▸ **Exercise requirements**: Copy out the listing that follows exactly, dropping every picture.

▸ **Collected data**:
_____
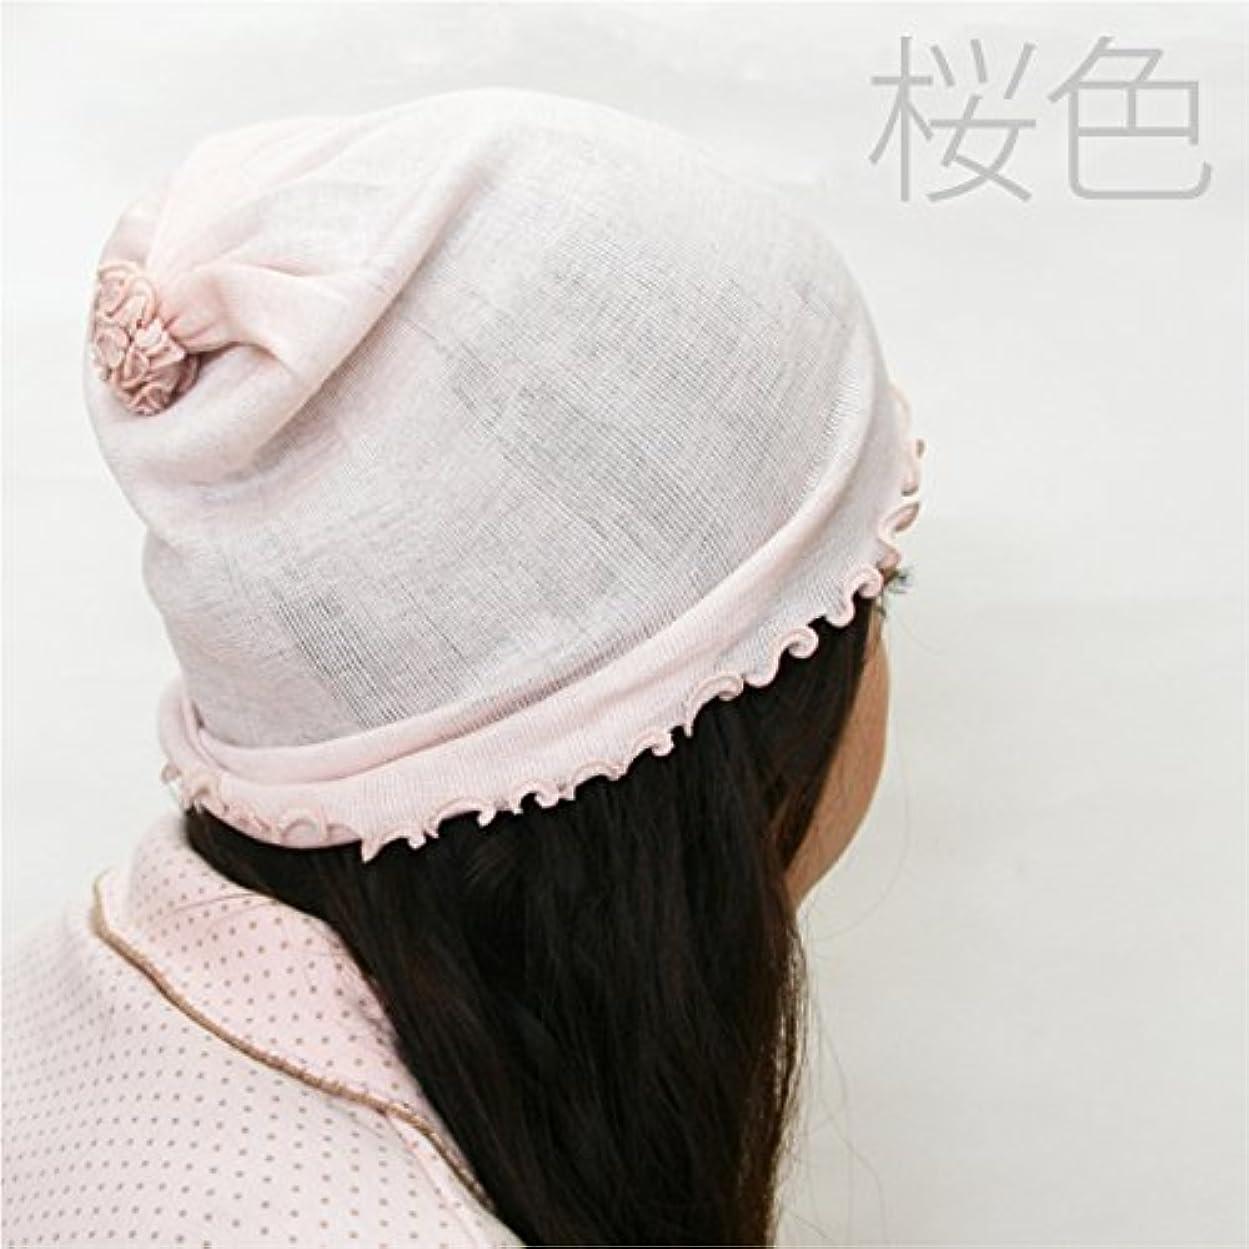 アセンブリ有料有害絹屋 シルクナイトキャップ SO4463 02桜色
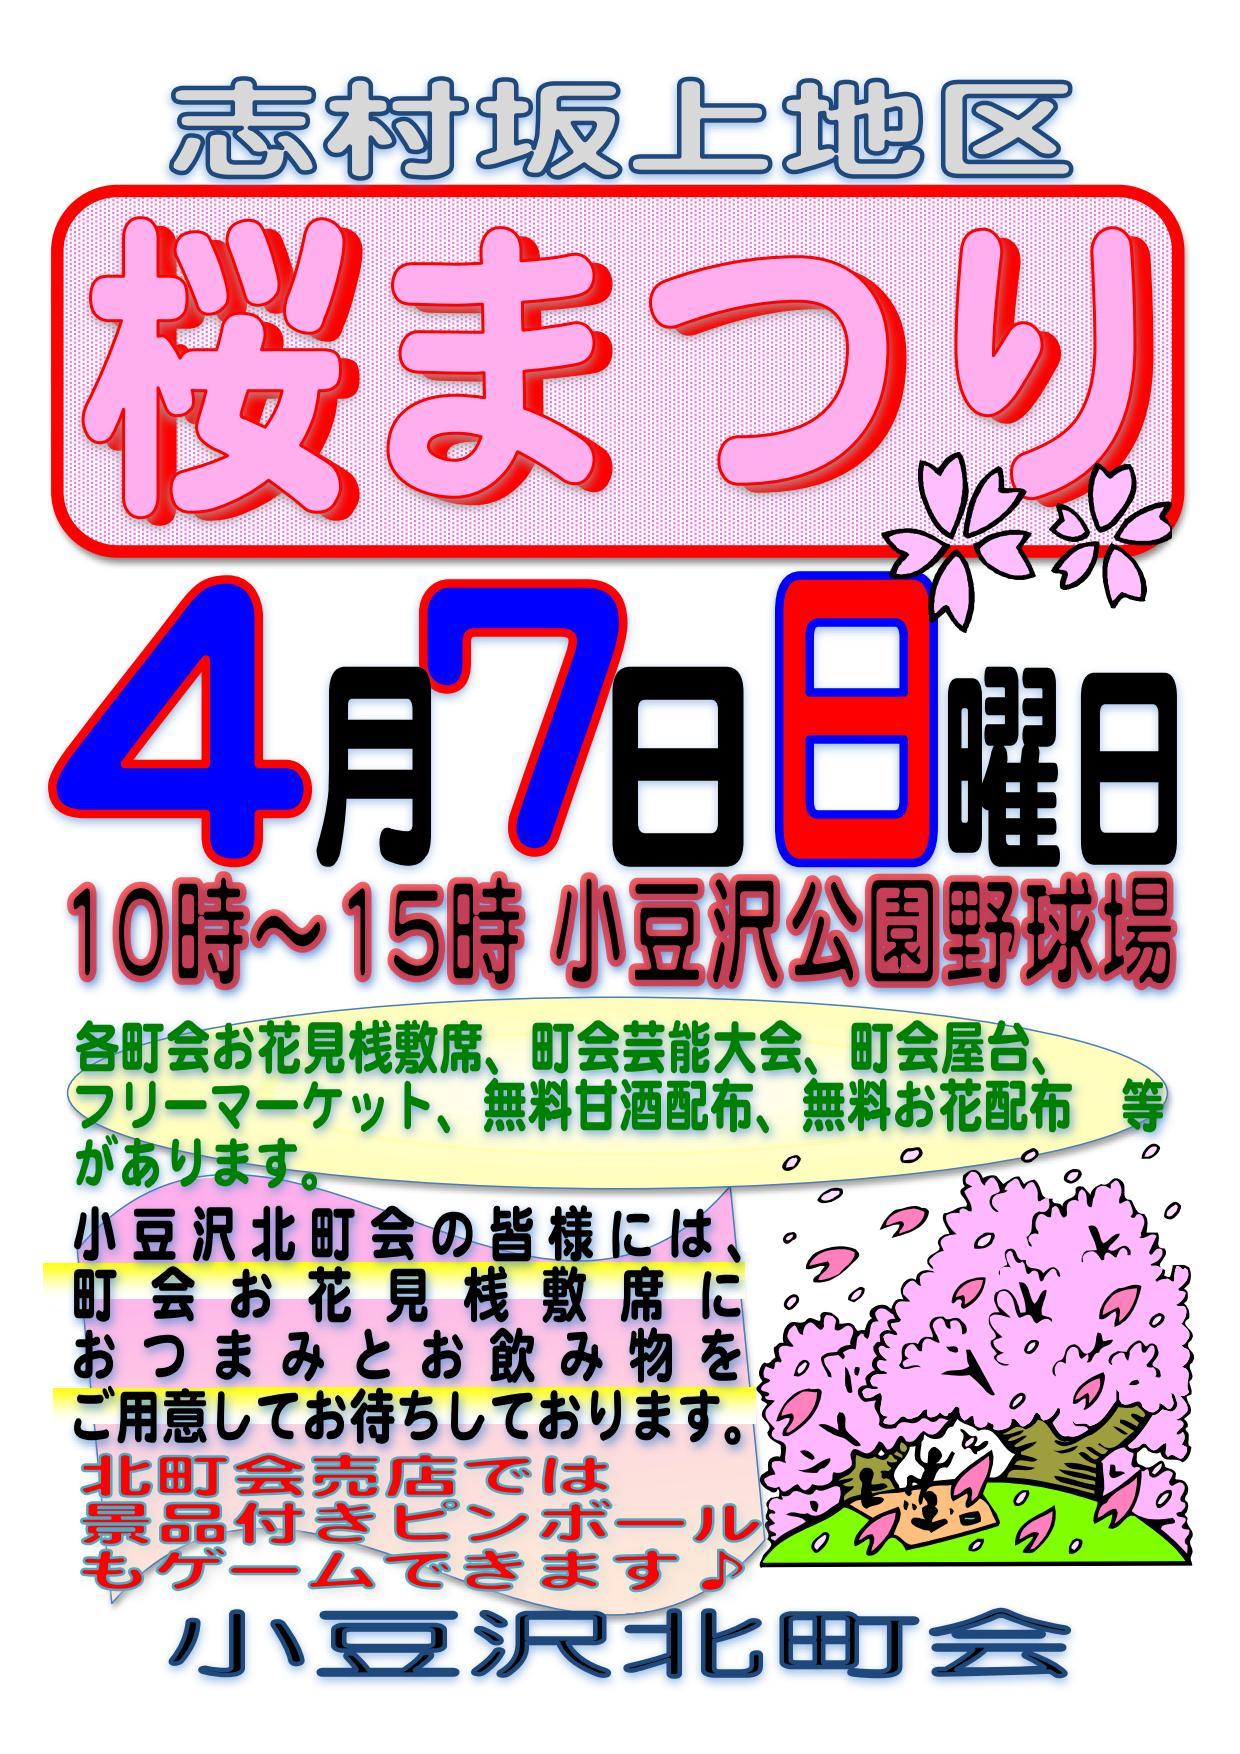 2013-04-07志村坂上地区桜まつり
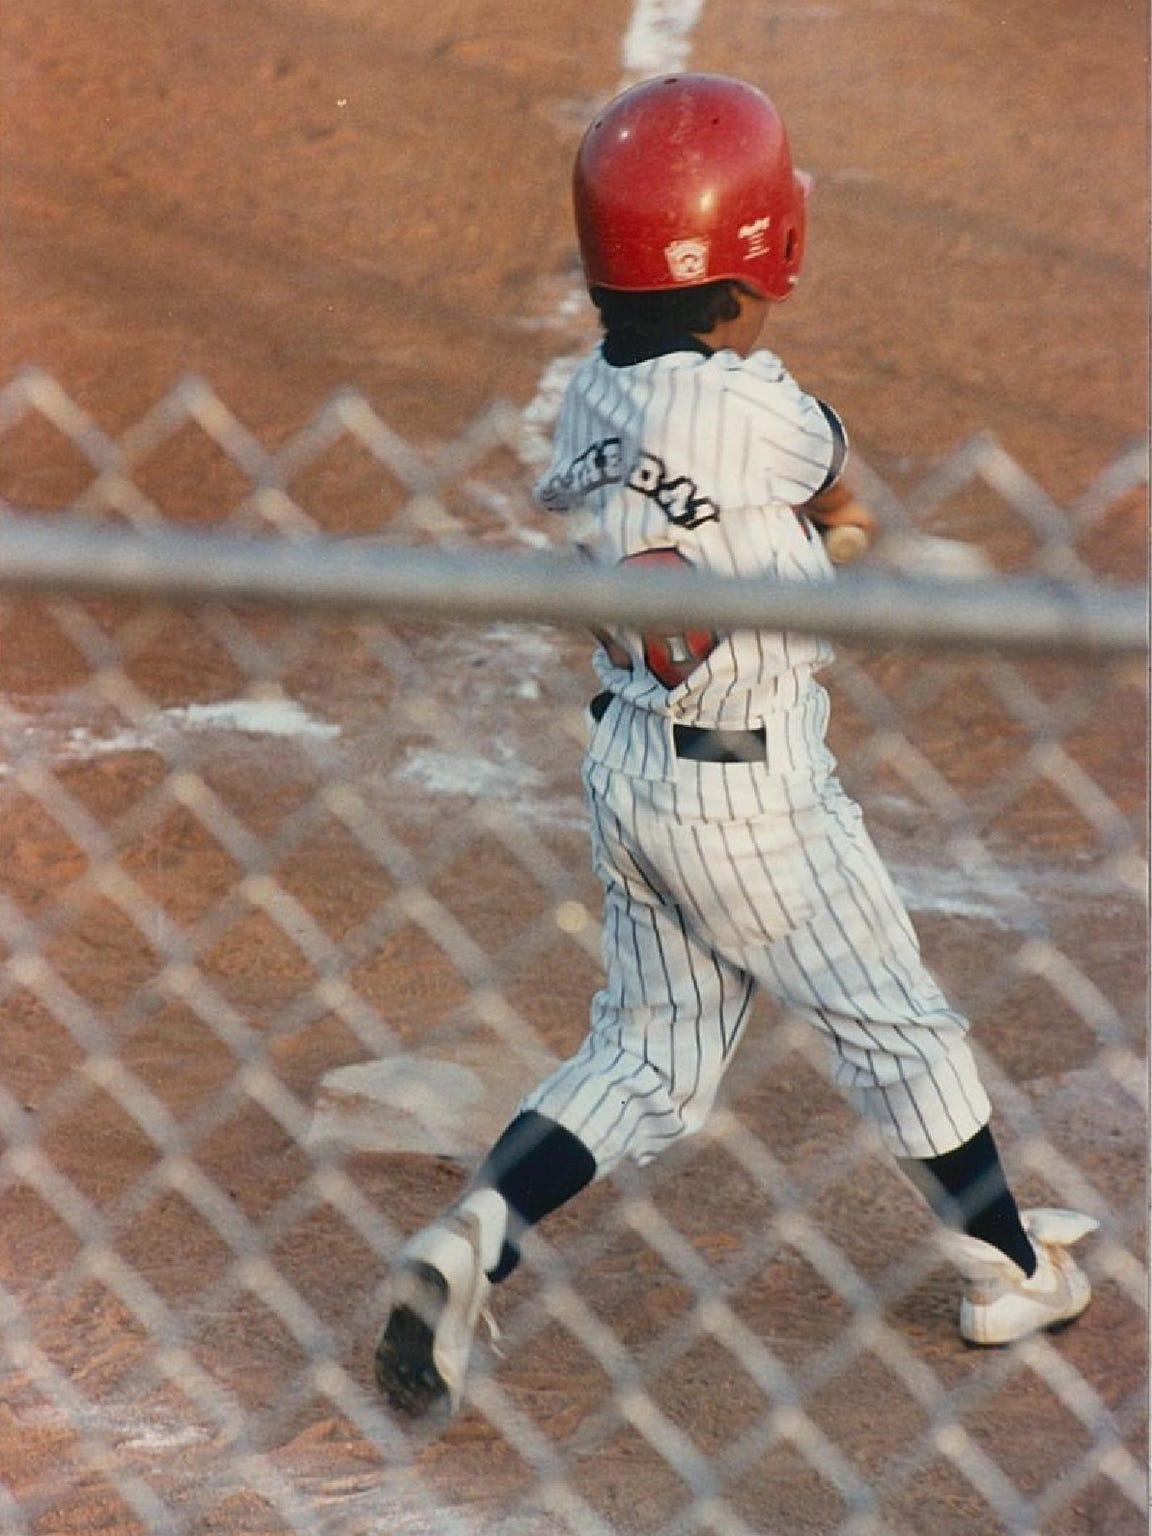 A seven-year-old Tony Jaramillo takes an at-bat in
_____
▸ **Response box**:
 アセンブリ有料有害絹屋 シルクナイトキャップ SO4463 02桜色
 2013-04-07志村坂上地区桜まつり
 A seven-year-old Tony Jaramillo takes an at-bat in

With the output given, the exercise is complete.